I've already explained how the `|` operator works, so the first half of the string should be straight forward: I want to match either: a) an identifier and only an identifier, and place this identifier in the named group `assign`; b) `NOT` followed by at least one space followed by an identifier, and place this identifier in the named group `not_arg`; or c) an identifier (labeled `arg1`) followed by one of the allowed `command`s: `AND`, `OR`, `LSHIFT`, or `RSHIFT`, followed by a second identifier (labeled `arg2`).

Finally, at the beginning of the definition you'll notice a `^`, which works the same as the `\$` except to say that matching must start at the beginning of the string. Any definition which opens with `^` and closes with `\$` must match the entire string instead of matching part of the string. For example: `@abc?` would be successfully matched by `\w+` for the `abc` part, but would not be matched by `^\w+\$`, since there are non-word characters between `abc` and the beginning and end of the string.

### C#

source
Since we are only evaluating the wires twice (part A and part B), and it is easier to write the code, I used method 3. Instead of using `ushort?`, I used `Lazy<ushort>`. The nice thing about the `Lazy<>` object is that it accepts a function that defines how to obtain the stated value, but doesn't execute the function immediately. Once the value is requested, it evaluates the function and then caches the final value, so that the function doesn't have to be run again.
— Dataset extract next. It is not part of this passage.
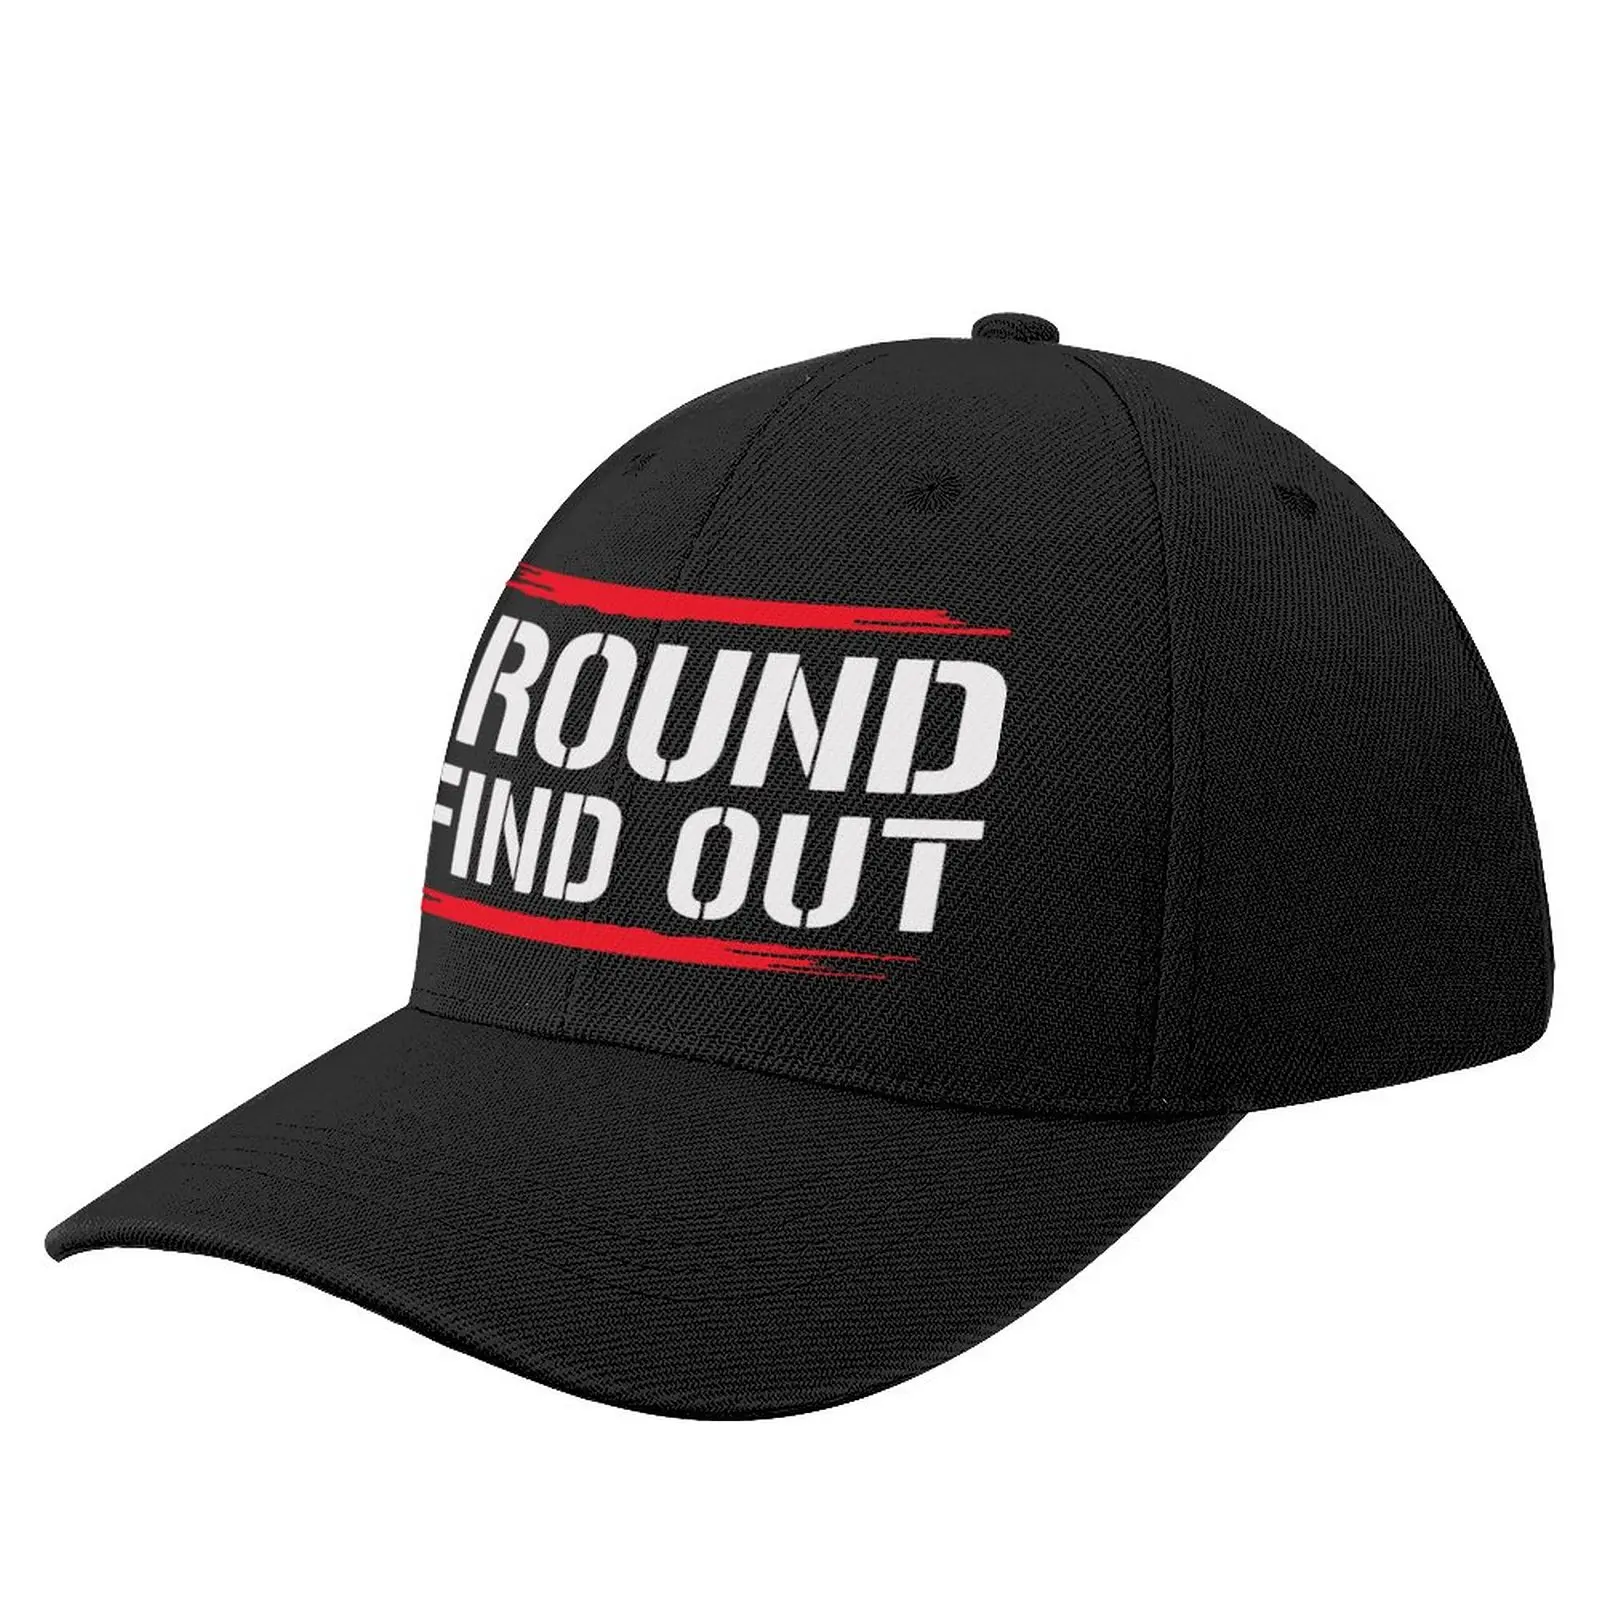 

F Around And Find Out Baseball Cap Vintage hiking hat Brand Man Caps Men Golf Wear Women'S
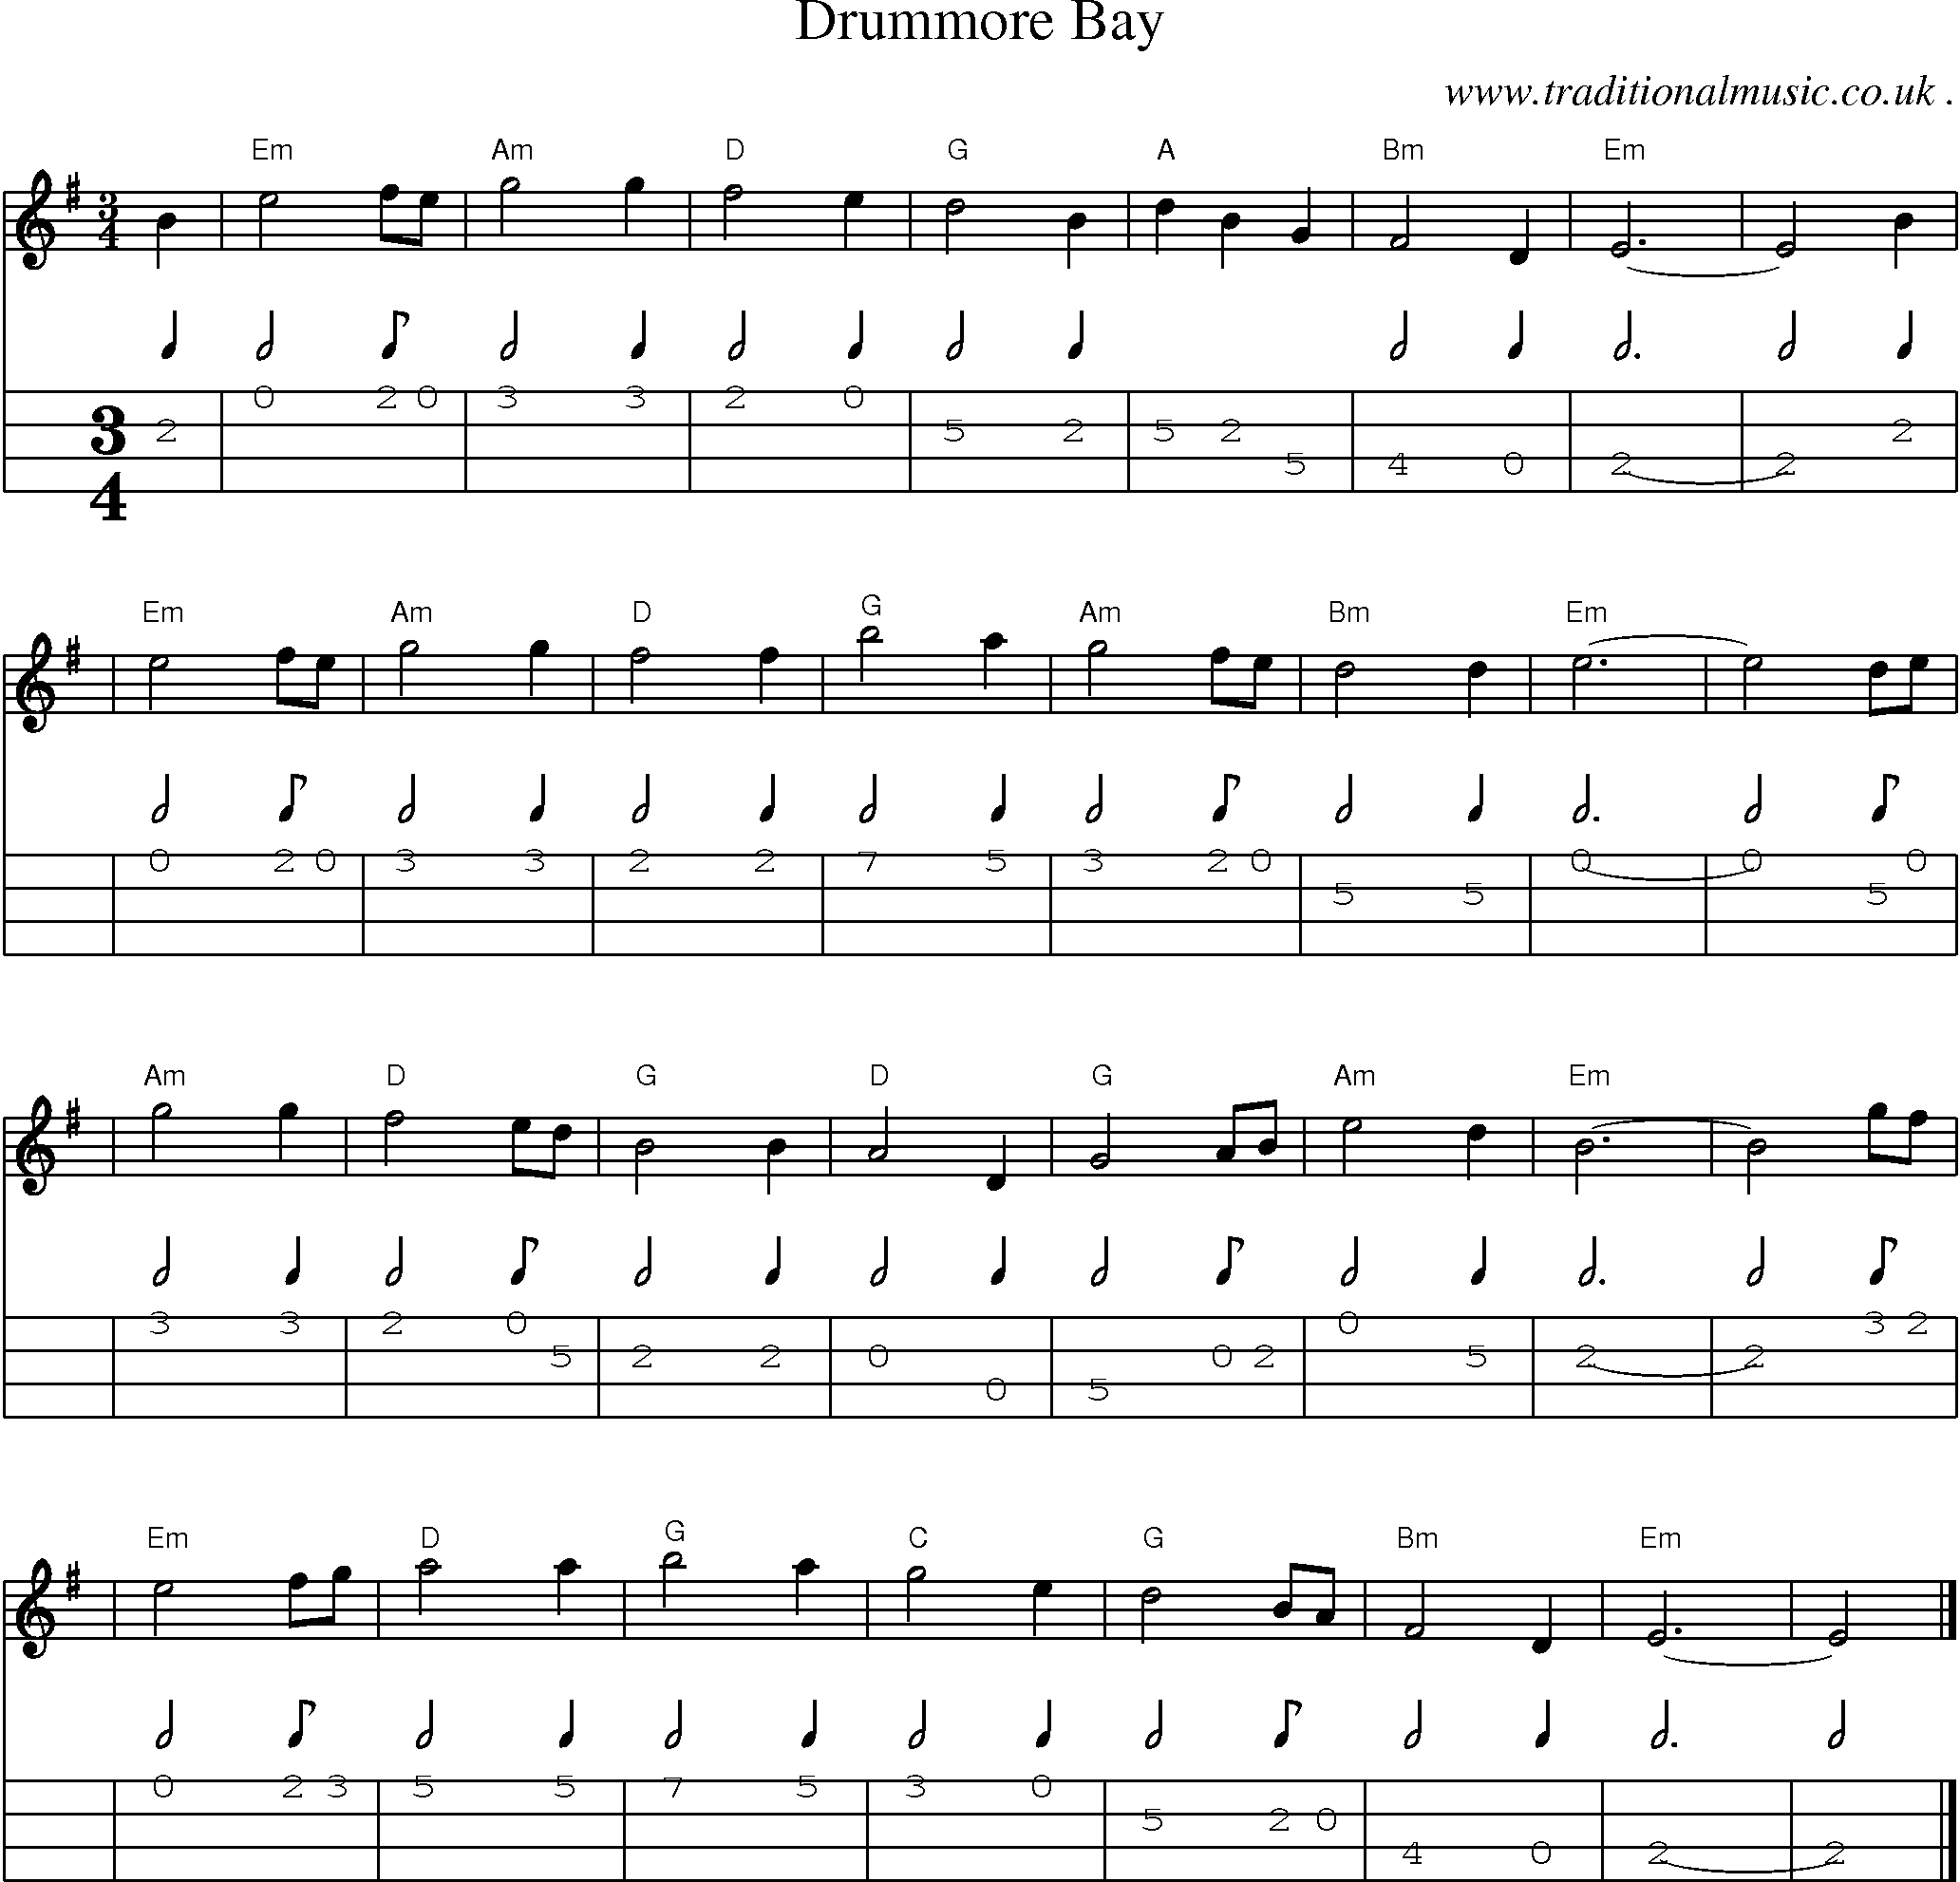 Sheet-music  score, Chords and Mandolin Tabs for Drummore Bay

Notice that because of the simplicity of the model, the wire definitions only have to be evaluated once in `ResetWires()`; once the lines are parsed, the wires can be placed into the dictionary. The bottom up subscriptions are automatic. However, `ResetWires()` has to be run twice, once for each part, because the definitions have to be reset to ensure that the new value for wire B are propagated properly to all dependent wires.

### F#

source
The F# version very closes resembles the C# version. The main thing I would like to note is how much cleaner the `match` syntax is than the `switch (_) { }` syntax.